Q1 2017 Real-Time Call Brief

Brief Report
Ticker : TOL
Company : Toll Brothers Inc
Event Name : Q1 2017 Earnings Call
Event Date : Feb 22,2017
Event Time : 11:00 AM

Highlights



First quarter net income was $70.4 million or $0.42 per share diluted compared to $73.2 million or $0.40 per share diluted in fiscal year 2016's first quarter.


Fiscal year 2017's first quarter pretax income of $109.8 million compared to $116.8 million in fiscal year 2016's first quarter.


Revenues of $920.7 million and homebuilding deliveries of 1190 units were flat in dollars and up 12% in units compared to fiscal year 2016's first quarter totals.


The average price of homes delivered was $774,000, compared to $874,000 in 2016's first quarter.


Net signed contracts of $1.24 billion and 1,522 units, rose 14% in dollars and 22% in units compared to fiscal year 2016's first quarter.


The average price of net signed contacts was $817,000 compared to $870,000 in last year's first quarter.


In total net contract units and dollars with double-digit increases in each of the last three quarters and for the first three weeks of fiscal year 2017 second quarter non-binding reservation deposits were up 16% in units compared to the same period in fiscal year 2016.


Deliveries are projected to increase from 6100 in fiscal year 2016 to between 6700 and 7500 in fiscal year 2017.


The other income and income from joint ventures, unconsolidated entities, is projected to increase from $100 million in fiscal year 2016 to be between $160 million and $200 million in fiscal year 2017.


This should produce significantly higher earnings per share in fiscal year 2017 versus 2016 and improve our ROE to 12% of beginning equity.


We signed 66 agreements in the first quarter, double last year's first quarter total and we have taken 30 additional deposits in the last three weeks, all at average price of over $1.2 million.

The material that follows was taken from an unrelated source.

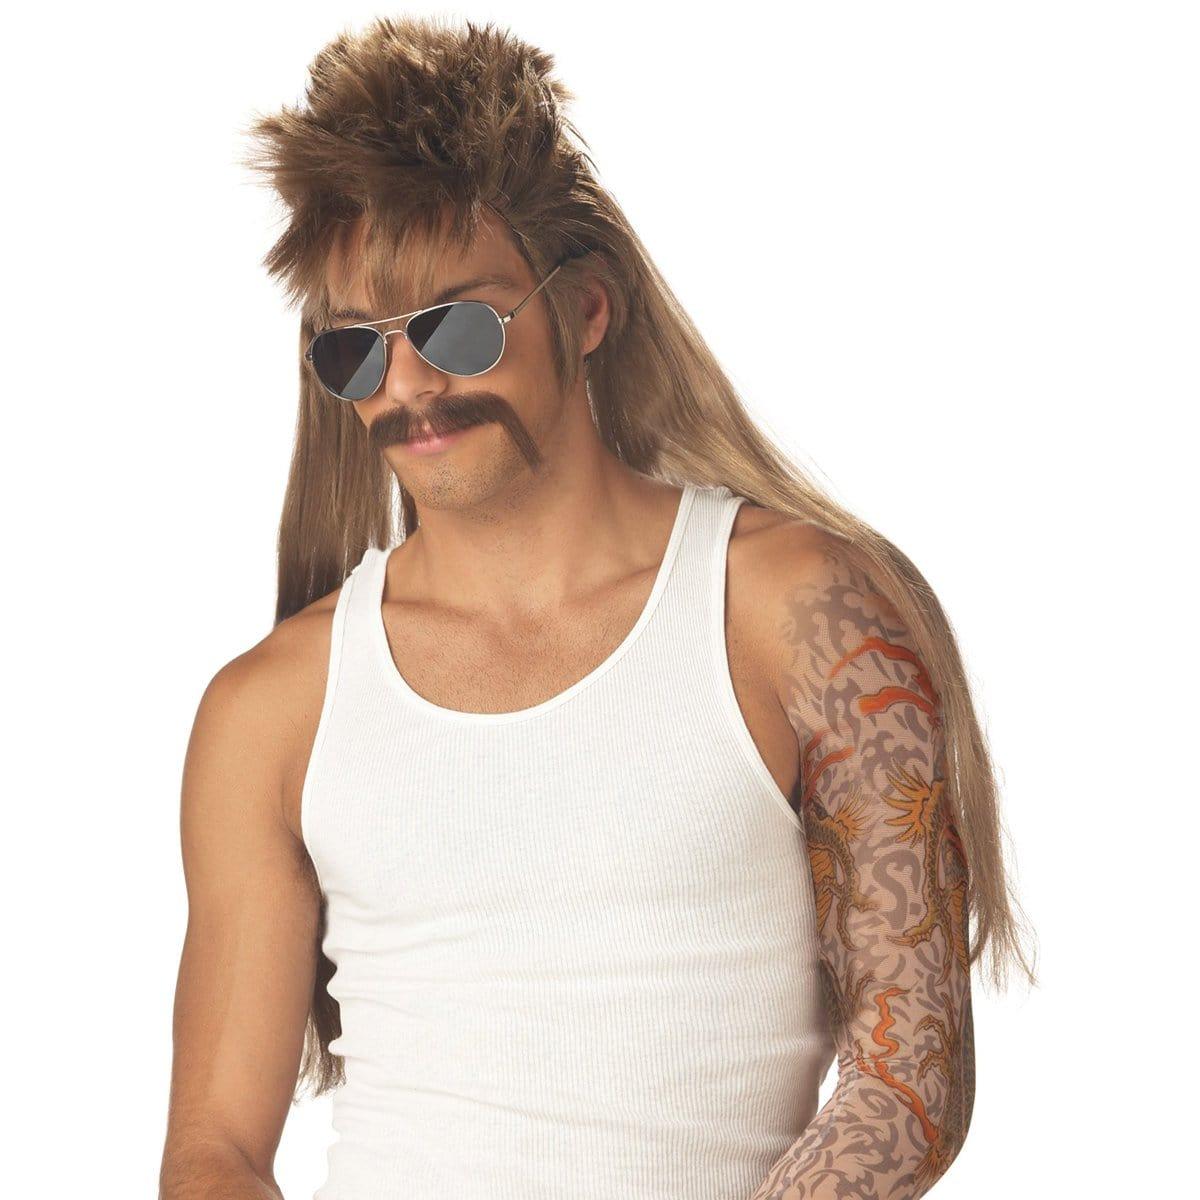 Buy Costume Accessories Mississippi mudflap wig & mustache set for men sold at Party Expert

In total, our portfolio includes in excess of 10,000 units built, in construction, or planned across the nation.


Last night we announced that we will begin paying quarterly dividend equal to $0.08 per share or approximately 1% annualized of our current share price.


We were able to exceed our delivery expectation this quarter. This fact along with our first quarter-end backlog being up 19% in dollars and 21% in units as well as the increase the midpoint of our guidance range by 100 units for full fiscal year 2017, we now project revenues and deliveries at a range of $5.2 billion to $6.2 billion and 6,700 to 7,500 units.


For fiscal year 2017's second quarter, we project deliveries of between 1,350 and 1,650 units at an average delivered sales price of between $810,000 and $835,000.


Adjusted gross margin is expected to be between 23.8% and 24.2% of revenues, while SG&A is projected to be about 11.4% of revenues in our second quarter.


Other income and income from unconsolidated entities is projected to be between $40 million and $60 million.


Our Q2 tax rate should be around 37.5% and our share count should average approximately 170.8 million shares in our second quarter.


We remain focus on our return on equity and expect to see 12% ROE for the full 2017 year and make further strides in 2018 through various strategic initiatives as well as our core operations.


As an example of one such initiative, in December we formed a joint venture at a large New York City project and essentially reduced Toll's equity commitment from about $350 million if we had build the project alone our balance sheet, to $30 million as a joint venture project with outside equity and construction financing.